Context is certainly important. Because this time, it was the most achingly beautiful song I had ever heard.

Holding V’s hand as we looked at the stars, trying not to fall asleep. Ever have one of those nights that you wish would never end? V and I had so many of them – going to Whataburger at 3am, driving for the sake of it, holding each other in his bed with the lights on, both of us very much minutes from slumber but too stubborn to turn out the light. Like everything would disappear if our consciousness did.
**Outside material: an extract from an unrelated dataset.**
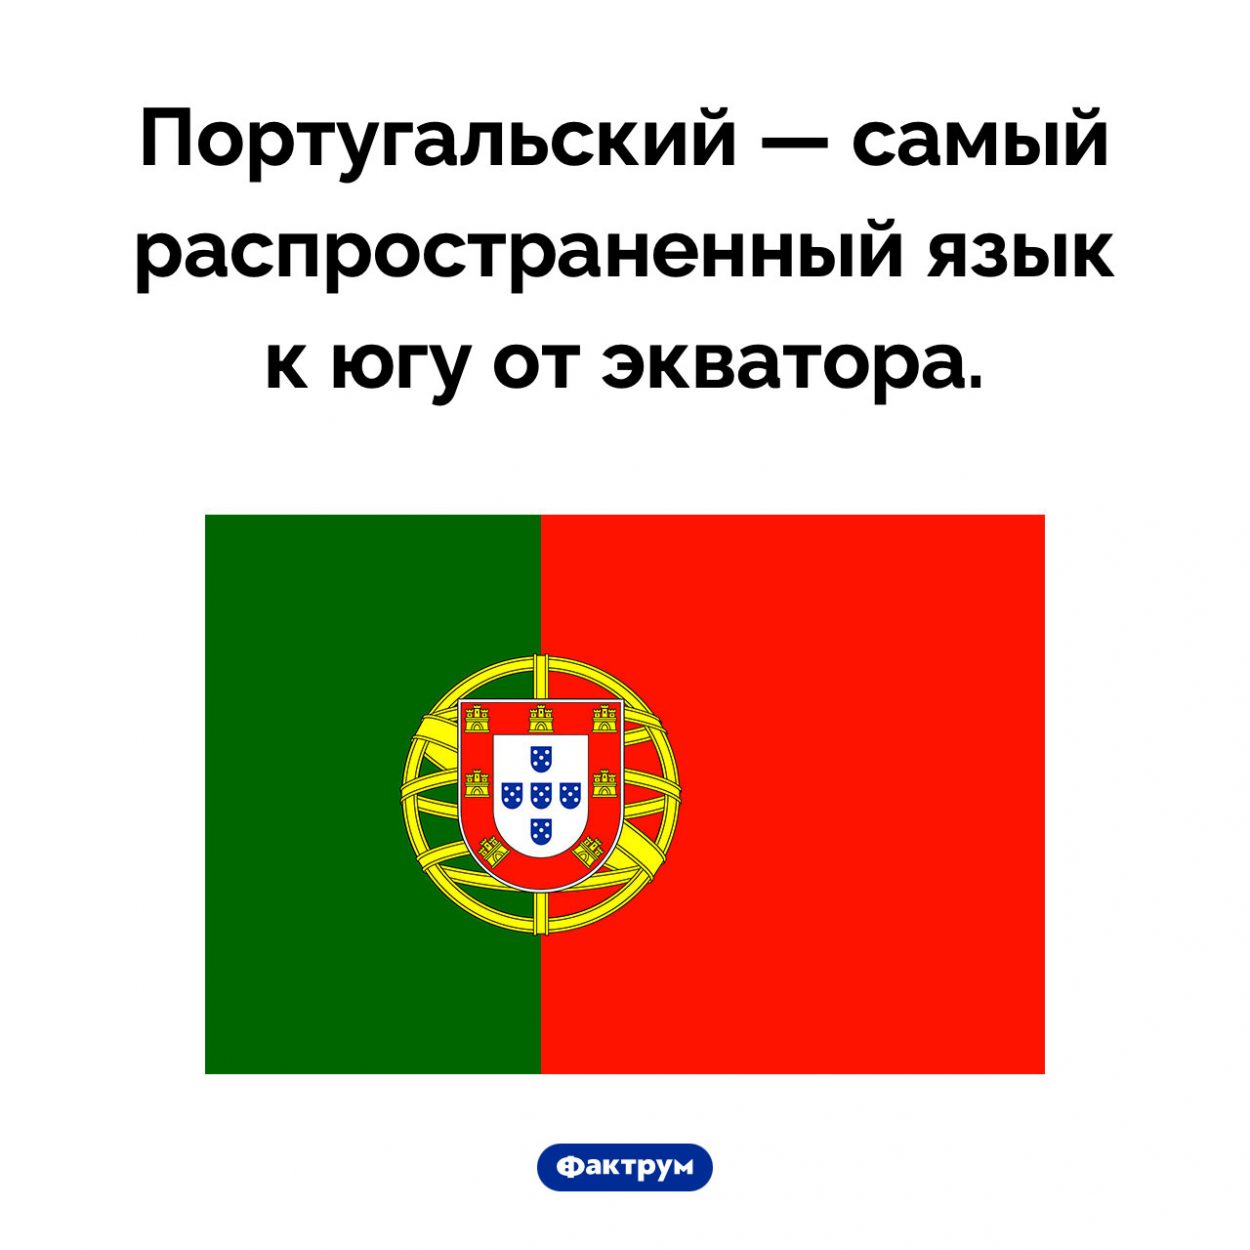 Португальский язык очень распространен. Португальский — самый распространенный язык к югу от экватора.

I looked up at V, and looked at the stars. Felt the warmth of his hand in mine, the cool Texas evening, the pluck of the banjo and all the once cacophonous voices melting in with the voices of the people in the hotel and on the street. Like an odd little lullaby for our odd little love. And then her voice cuts through the noise, the banjo stops –
“We went through hell, we went through hell, all’s well that ends well, well, well well, well, well….well”
I thought it was one of the most pure and perfect moments I had ever experienced. And my heart soared thinking that maybe this could be one of many experiences, many soft, quiet, intimate instances that we would look back on over the course of our long, happy lives.
You know how that song ends.

As fate or the universe or providence would have it, I’m writing this on the year anniversary of that night in Marfa. I don’t really believe in those things anymore.
The context is tweaked a little. The voices sound a little bit more out of step. The banjo sounds a little less comfortable, a little more melancholy, the piano a little more weighted – more odd little funeral dirge than odd little lullaby. The lines “We went through hell, we went through hell…”, which used to feel uplifting – triumphant even – now feel like foreshadowing.
It’s hard to parse what changed from that night, a year ago. I don’t understand, and I don’t think I ever will, going between thoughts of how I could’ve possibly fucked this up, how he could’ve fucked this up, how this could’ve ever been fucked up. Not knowing how much the context of the song, and the memory, would morph and change. And that regardless of the deep pain, I want to collect and preserve something that still is somehow so beautiful.
“All’s well that end’s well, well well well well well well….”
It could be “well, well, well, here we are again, in misery”. Or it could be that all is really well, or will be well, or could end well, I reassure you. Context is important, I always felt that. I suppose what I didn’t realize is how much could change, and yet stay so miraculously the same.